EXERCISE DESCRIPTION → Repeat every line of the listing below exactly, minus the pictures.

──────── GIVEN DATA

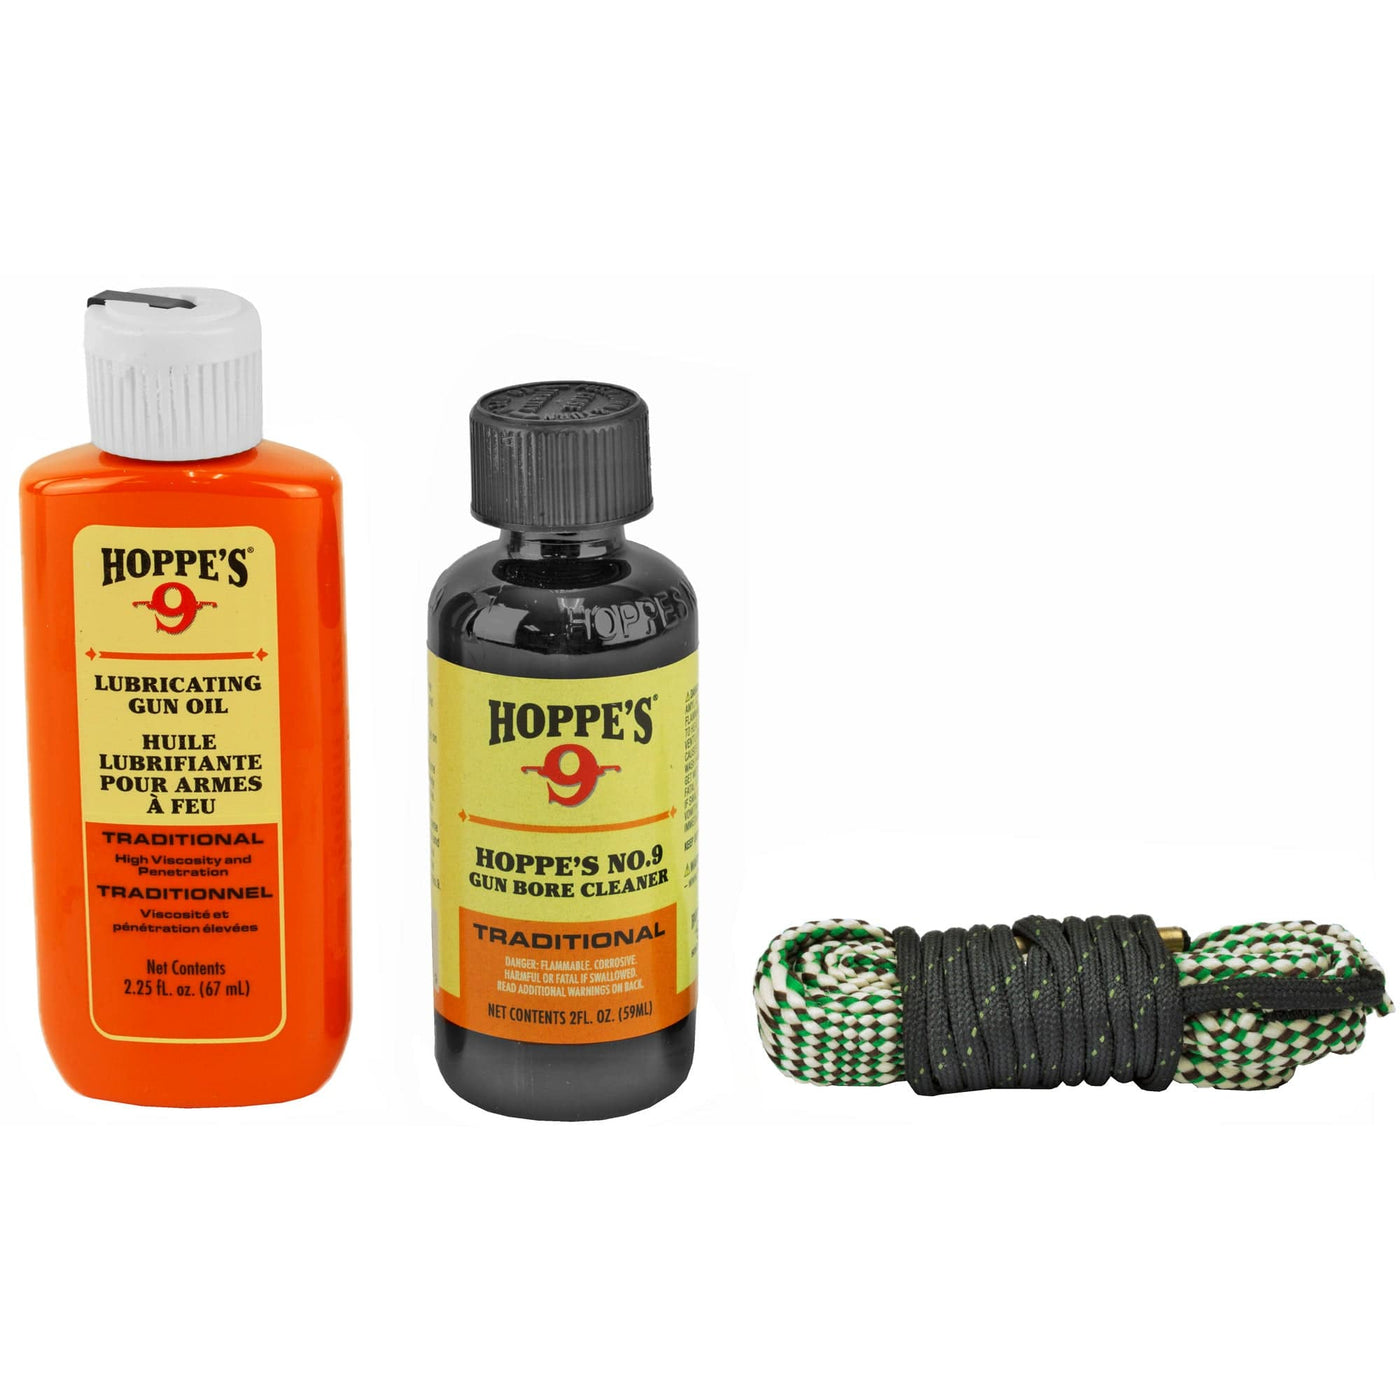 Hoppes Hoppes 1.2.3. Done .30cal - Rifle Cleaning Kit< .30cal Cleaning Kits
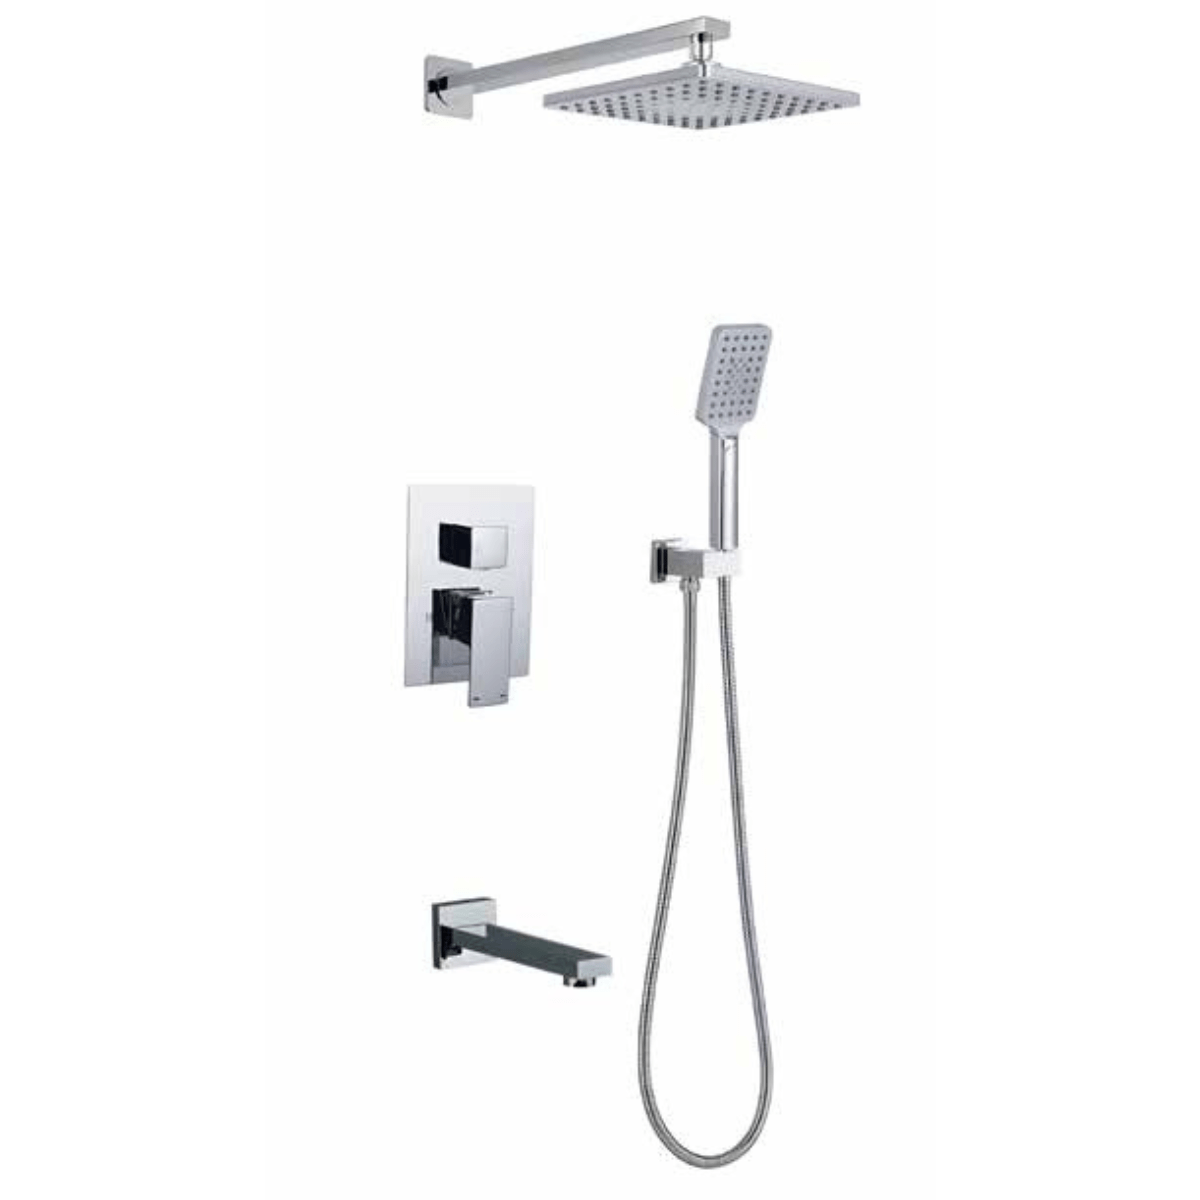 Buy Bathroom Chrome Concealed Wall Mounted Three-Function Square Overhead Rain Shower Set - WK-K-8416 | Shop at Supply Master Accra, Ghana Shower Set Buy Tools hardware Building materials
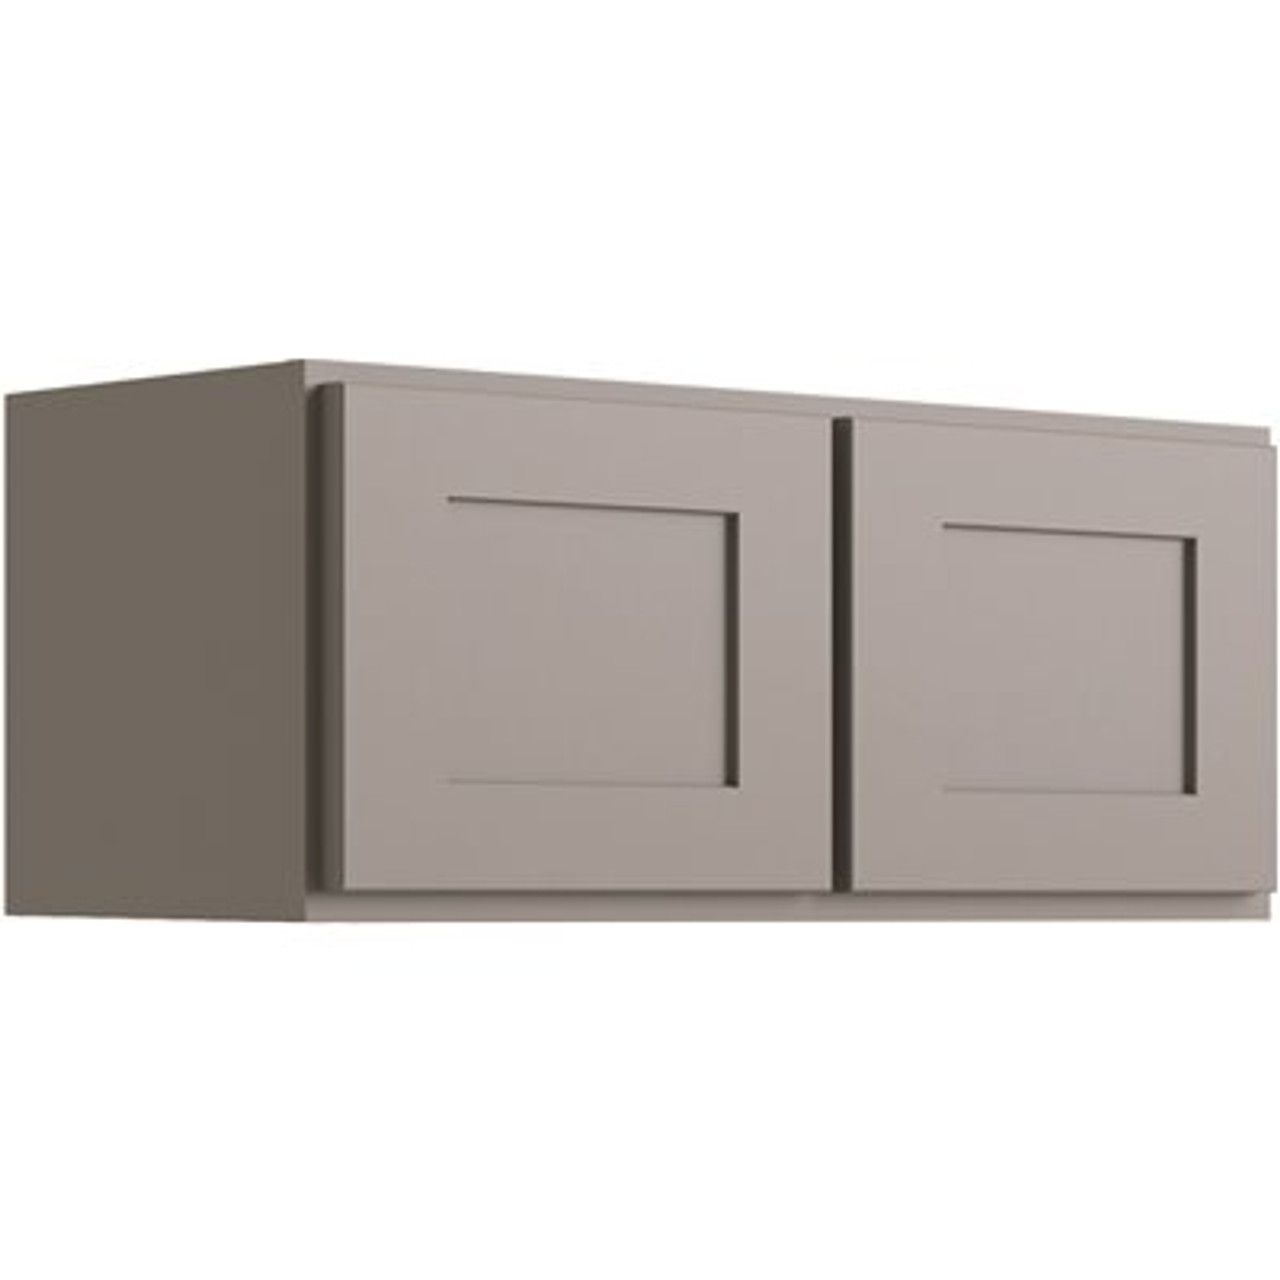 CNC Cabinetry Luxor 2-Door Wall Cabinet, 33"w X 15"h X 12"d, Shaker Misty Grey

────────────────

RESPONSE AREA →
 Hoppes Hoppes 1.2.3. Done .30cal - Rifle Cleaning Kit< .30cal Cleaning Kits
 Buy Bathroom Chrome Concealed Wall Mounted Three-Function Square Overhead Rain Shower Set - WK-K-8416 | Shop at Supply Master Accra, Ghana Shower Set Buy Tools hardware Building materials
 CNC Cabinetry Luxor 2-Door Wall Cabinet, 33"w X 15"h X 12"d, Shaker Misty Grey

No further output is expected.